The conventional attention implementation described in FIGS. 2A-2C is a FlashAttention-2 implementation. Referring to FIGS. 2A-2C, the pseudocode listing in FIG. 2A shows operations performed to determine attention values. Whereas FIG. 2B depicts the operations performed to determine the attention values of a given query block and a given key block, FIG. 2C depicts the operations performed to determine the attention values of the given query block and a next key block. Thus, both the graphical representation of FIG. 2B and the graphical representation of FIG. 2C include a given query block (Q_i) 220.

Additionally, both the graphical representation of FIG. 2B and the graphical representation of FIG. 2C include a same query vector 205, a same key vector 210, and a same value vector 215. The query vector (Q) 205 has a shape of a first sequence length (M) by head dimension (d), the key vector (K) 210 has a shape of a second sequence length (N) by the head dimension (d), and the value vector (V) 215 has a shape of the second sequence length (N) by the head dimension (d).

Through tiling, the FlashAttention-2 attention mechanism splits the inputs (the query vector (Q) 205, the key vector (K) 210, and the value vector (V) 215) into blocks. Here, the query vector (Q) 205 is split into query blocks Q₀, . . . , Q_{T_r−1}of size [B_r, d] each, where B_r is a row block size and d is the head dimension. The key vector (K) 210 is split into key blocks K₀, . . . , K_{T_c−1}of size [B_c, d] each, where B_c is a column block size and d is the head dimension. The value vector (V) 215 is split into value blocks V₀, . . . , V_{T_c−1}of size [B_c, d] each, where B_c is a column block size and d is the head dimension.
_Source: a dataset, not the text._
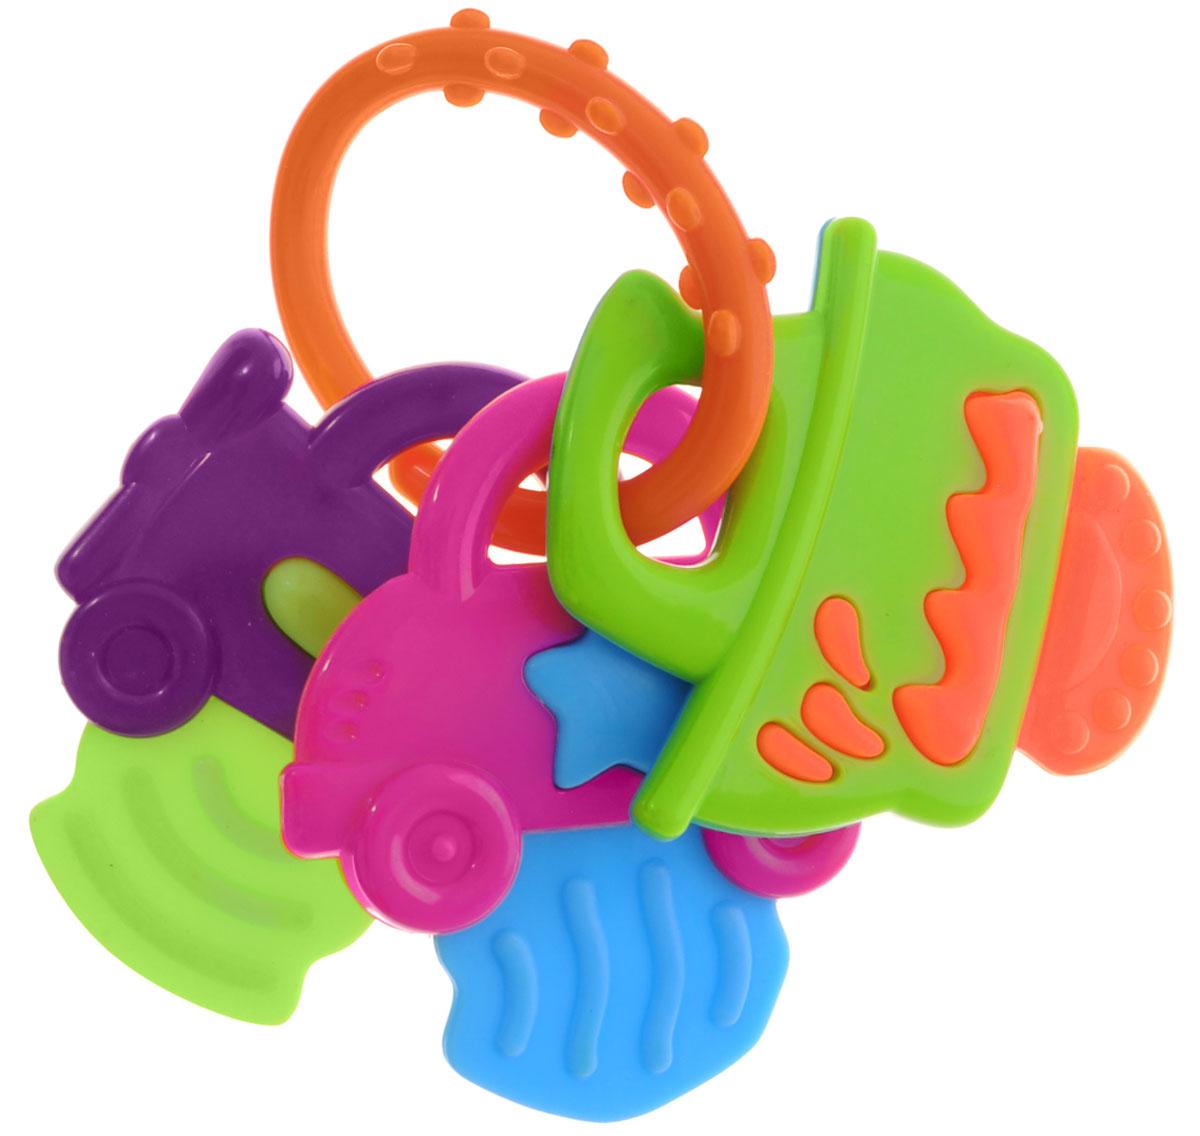 Mioshi Прорезыватель Машинки цвет оранжевыйTY9043_оранжевыйПрорезыватель Mioshi Машинки станет незаменимой игрушкой вашему малышу в первые месяцы и годы его жизни. Яркий, приятный на ощупь прорезыватель с тремя разными подвесками, станет любимой игрушкой вашей крохи с первых дней жизни. Дети в раннем возрасте всегда очень любознательны, они тщательно исследуют все, что попадает им в руки. Заботясь об их здоровье и безопасности, Mioshi выпускает только качественную продукцию, которая прошла сертификацию. Вместе с наборами Mioshi малютки развивают мелкую моторику рук, восприятие формы и цвета предметов, а также слух и зрение.

Lines 1, 2, and 13-15 of pseudocode listing 200 include operations for an outer loop, and lines 3-13 of pseudocode listing 200 include operations for an inner loop. In the outer loop, the FlashAttention-2 attention mechanism loops over blocks of the query vector (Q) 205 and loads them from HBM to fast on-chip SRAM. For each query block, the FlashAttention-2 attention mechanism loops on blocks of the key vector (K) 210 and the value vector (V) 215 in the inner loop, loading the blocks of the key vector (K) 210 and the value vector (V) 215 from HBM to SRAM, and writing the output of the attention computation back to HBM.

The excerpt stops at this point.